Prime Minister Narendra Damodardas Modi is expected to visit the United States soon in order to confer with President Donald John Trump about how US-India relations can be taken to an unprecedented level through their joint efforts. President Trump needs to avoid the Bush-Obama trap of imposing high and ultimately unaffordable costs on US taxpayers by trying to “Buy American”, when cheaper, better alternatives are available from Asia, especially India. The wars in Iraq and Afghanistan begun by George W. Bush were followed by that in Libya and Syria, under the guidance of Barack Obama. These have taken the US economy to the edge of bankruptcy. The only reason why the country is not officially in default is because the dollar is still the global reserve currency. Wisely, successive US governments have refused to demonetise the dollar, even though this is the most counterfeited of currencies. As a consequence, there is a stability and continuity in dollar holdings that is absent in the case of the rupee, which was demonetised last year and may well be again demonetised next year as a consequence of decisions taken jointly by the Ministry of Finance and the Reserve Bank of India. That the people of India have withstood the shock of job losses and other costs of demonetisation, is testimony to their confidence in PM Modi, whom they believe will ensure the double digit growth needed to secure jobs. Some of that growth will need to come from trade in services with the US, and healthcare is a segment in which partnership between Delhi and Washington can be of immense value to both sides. Indeed, the US will not be able to afford the cost of universal healthcare for all its citizens, unless the Trump administration does what the Obama administration failed to do, which is to take advantage of the opportunities offered by India in medical services. Whether in transcription or in pharmaceuticals, costs are low, while quality remains high. This is why India has emerged as a major destination for medical tourism, despite powerful lobbies in the US and the EU using medical journals and organisations to conduct a false campaign against this country. In every country, where ultra-rich medical lobbies fleecing the taxpayer carry on propaganda against India, there are doctors and nurses from India who are usually the best to be found.

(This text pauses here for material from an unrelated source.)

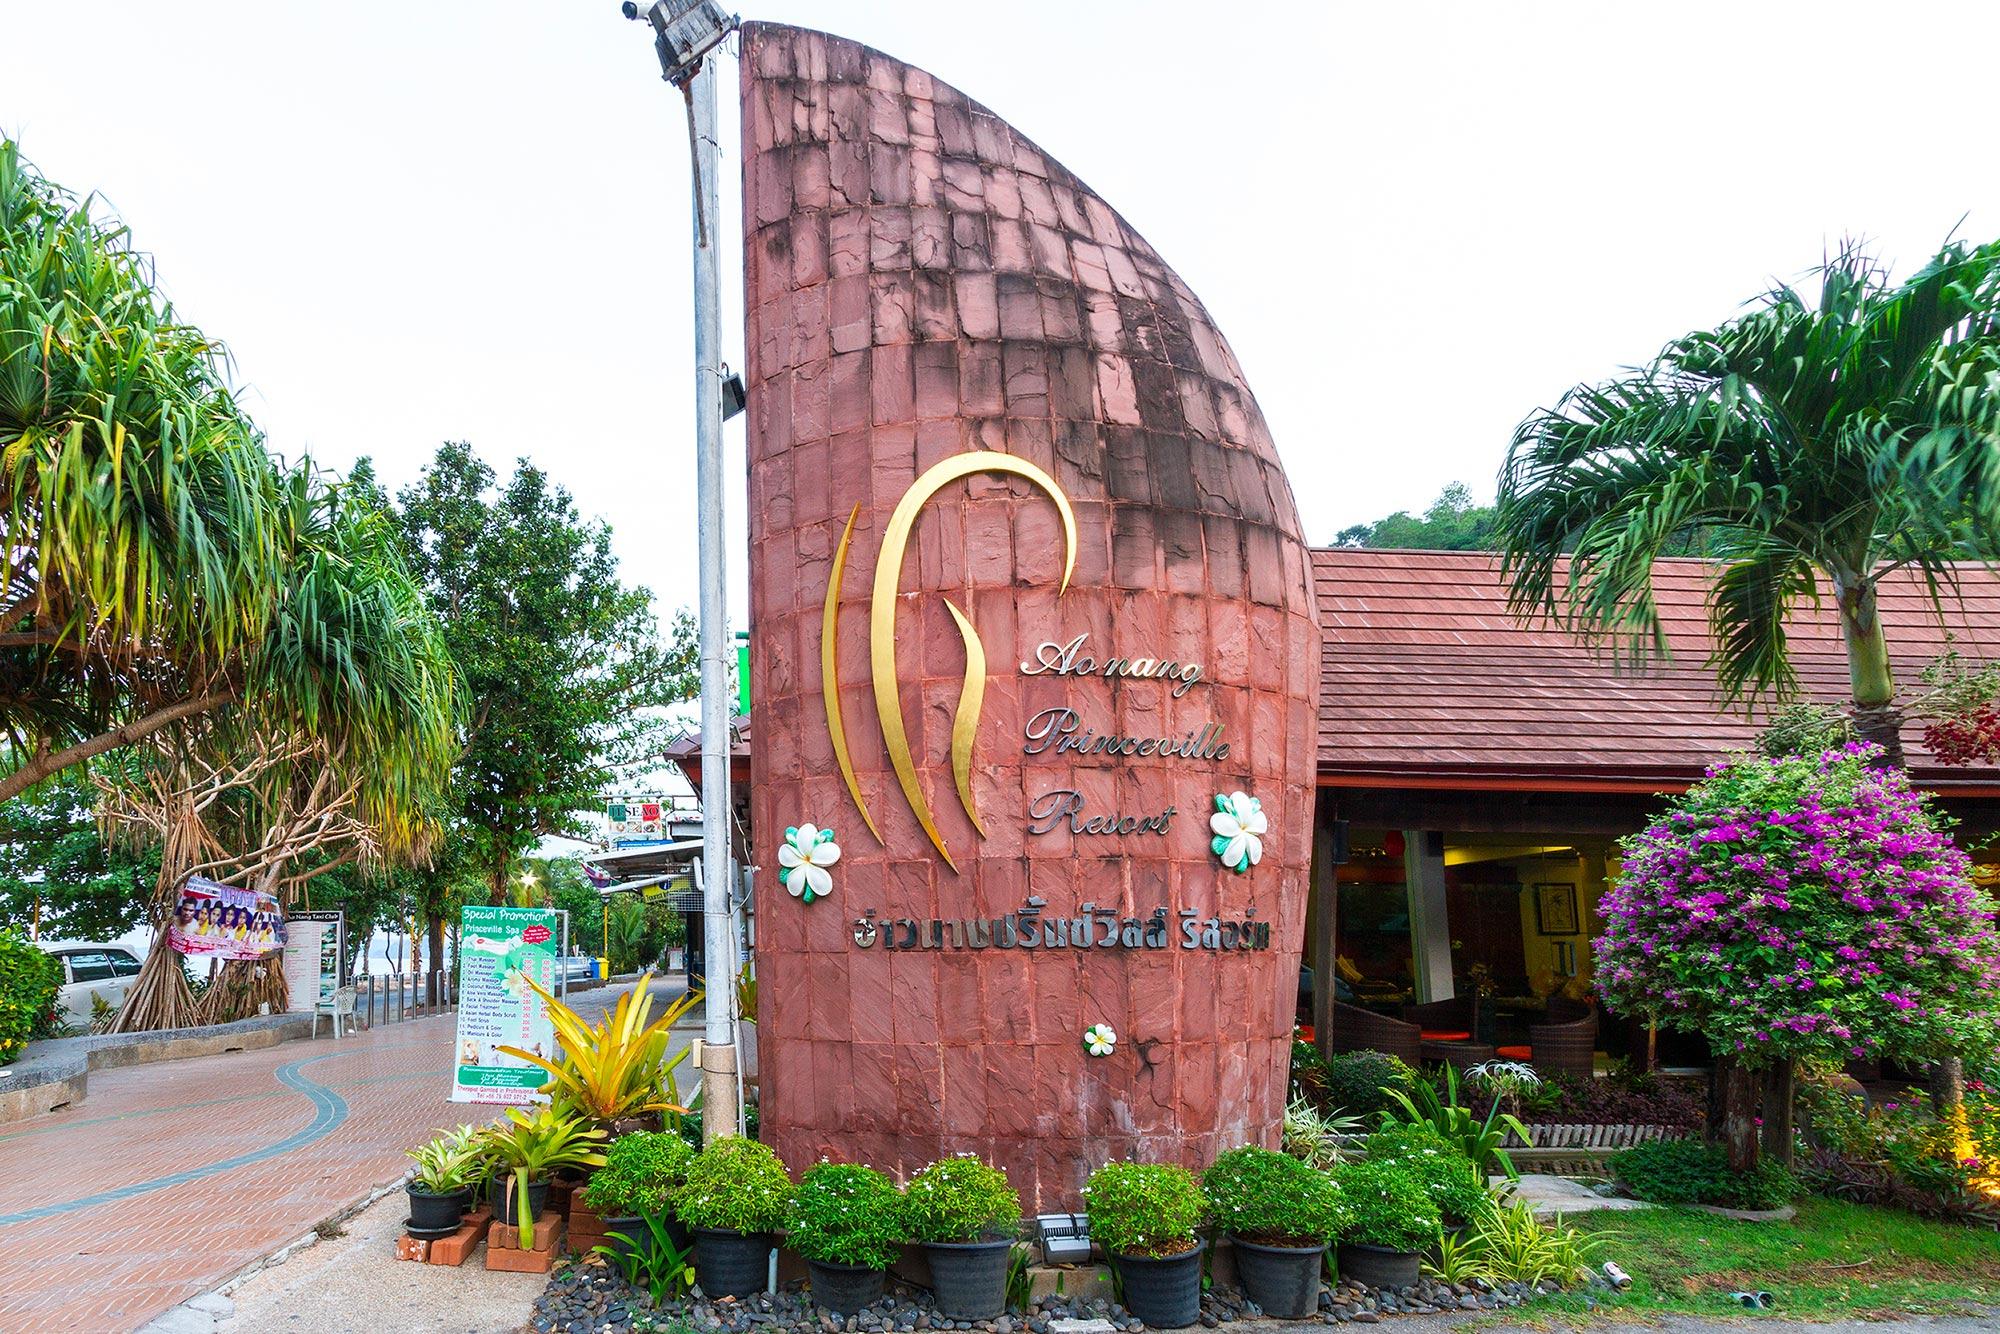 Aonang Princeville Resort and Spa  อ่าวนาง ปริ๊นซ์วิลล์ รีสอร์ท แอนด์ สปา Aonang Princeville Resort IMG 0301

Making America Great Again is President Trump’s slogan, yet this is not possible unless US citizens have the same quality of healthcare enjoyed by citizens of next-door Canada, that too at a fraction of the cost incurred by the US treasury. A healthy citizenry is crucial to higher productivity, including in the manufacturing and extractive industries that the Trump administration seeks to revive. In such a context, generic medicines from India are the key to affordable healthcare, a fact ignored by the Obama administration in its zeal to do the bidding of Big Pharma in the US and their counterparts in the EU, where too vicious and underhand measures have been resorted to against the generic drugs industry in India. It needs to be added that some decision-makers in this country seem to have been influenced by US and EU Big Pharma, as they are trying to adopt policies that hurt domestic industry and protect the privileges of foreign companies. The greed of such companies can be seen from Turing Pharma AG, where the price of a prescription drug was raised from $13 per dose to $750 per dose, because no substitutes were available. The US Food & Drugs Administration acts as a lobbyist for Big Pharma and keeps competitors from India out of the US market through regulations and other means. The FDA needs to understand that generics industry in India has the capacity to lower healthcare costs substantially in the US, and that tens of millions will benefit at the expense of a handful of billionaires. 

Donald Trump was elected by ordinary citizens to respond to their interests and not that of the billionaire class. Hopefully, within the basket of activities that will be agreed upon by PM Modi and his US counterpart, will be the utilisation of the potential of India to bring down the costs of universal healthcare in the US to affordable levels.